Metric wiring in an avoirdupois world

2 Likes

If you see me writing tomes in other threads, it’s because I’m procrastinating hard about this job.

1 Like

Using my line tester, my office line gets 8 greens from the attic to the network closet, through the keystone patch panel to the end of the jumper cable. When I plug that jumper cable into the network switch…nada.

I hate this shit so fucking much.

FTR, yes, all the RJ45s in the attic were wired in reverse. I think the original sin must’ve been on the patch panel in the network closet, because I remember reversing all the RJ45s in the attic once during the initial installation.

Now most of the lines are working fine. There are a couple that are not, but that is because - in my hubris-driven-haste yesterday - I didn’t give myself enough wire to push into the connectors to make a good connection. I was trying to save wire, and I ended up wasting much more than I would’ve saved.

The office line has me completely at a loss, though.

Finally, a reason for home automation I think everyone can get behind.

7 Likes

OMG. That’s hilarious.

2 Likes

I think these are cool and very useful in certain situations - like this guy installing them himself instead of needing an electrician to install can lights.

The problem with them is that installing them this way makes them vulnerable to a light switch. Doesn’t matter how smart they are, if there is no juice because someone flipped the switch, they’re just dumb pieces of plastic.

This is pretty amazing.

This is for everyone likes me who hates emptying the grey water tank.

The water station is so smart: it doesn’t need power as it uses the juice on the robot. The robot will act as a water shuttle for a humidifier and dehumidifier, too, which is genius.

1 Like

Speaking of robot vacuums, the pattern on my new rug confuses the fuck out of “Edgar”.

Family Circus Roomba.

3 Likes

So to extend the Roomba idea outside…I finally got tired of fighting my Polaris pool cleaner and purchased this. The Beatbot Aquasense Pro pool robot. It’s running for the first time, as I type. We shall see how good it does.

1 Like

Lawn Roombas have hit the gym.

Versions of these have been running at the Dept of Energy research campus in MD for almost a decade.

1 Like

For what it’s worth:

Skip to about the halfway mark for a real-world example.

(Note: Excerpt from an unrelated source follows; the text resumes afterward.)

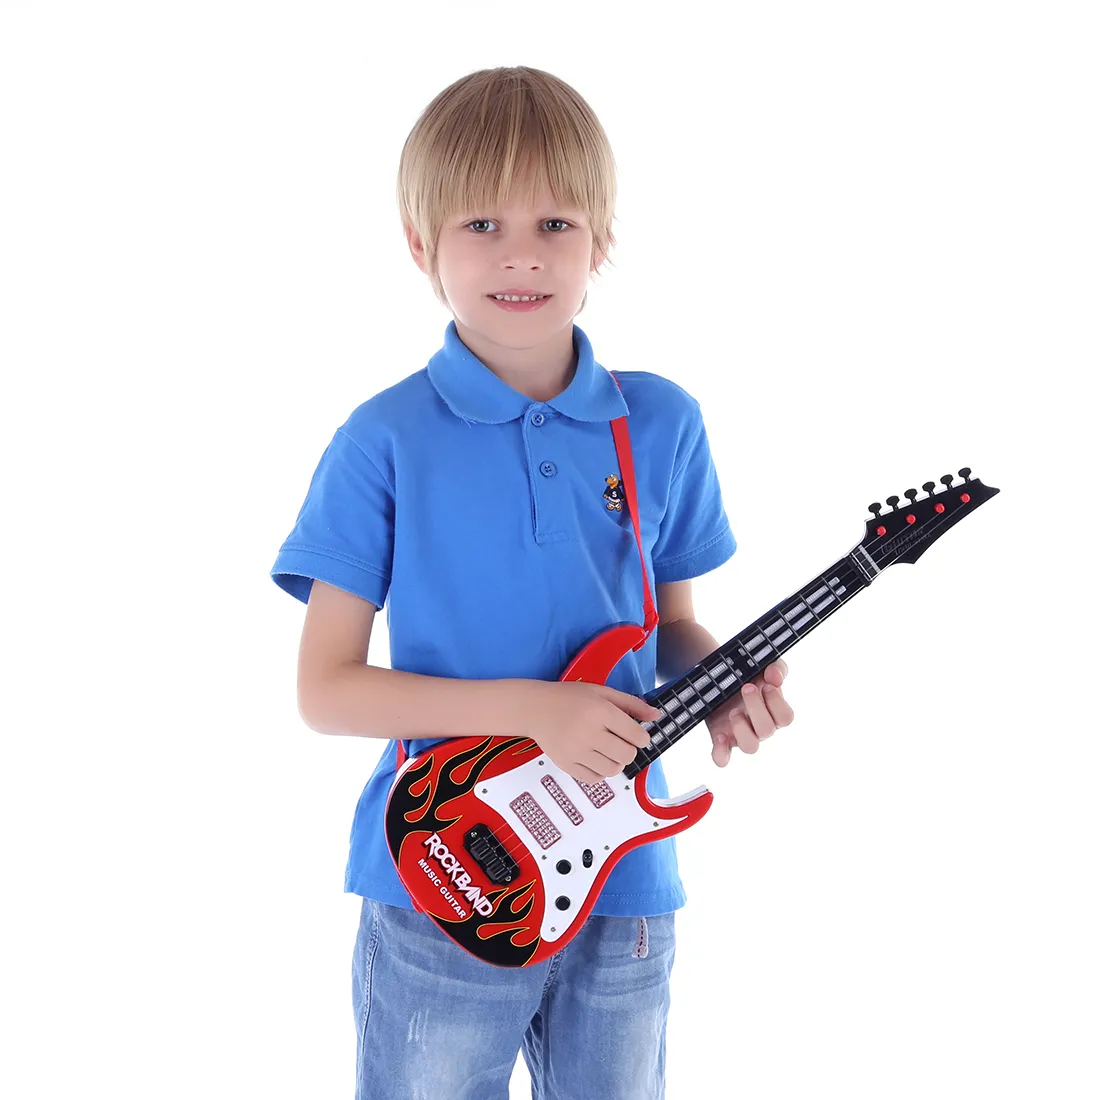 Haute Qualité Chaude 4 Cordes Musique Guitare Électrique Enfants Instruments De Musique Jouets Éducatifs Pour Enfants Noël Nouvel An Cadeaux LJ200907

I watched that video during my research. I finished the first clean today. It went about 4.5 hours, and used about 70% of the battery. It did a pretty good job. Covered most of the floor, but only about 10 ft of the water line. It spent 2 hours on the surface. It recovered a surprising amount of very fine debris, stuff the Polaris would have never captured, and the water is sparkling clear. It’s not a substitute for regular vacuuming and brushing, nothing is, but it appears it will make a useful maintenance tool. Time will tell.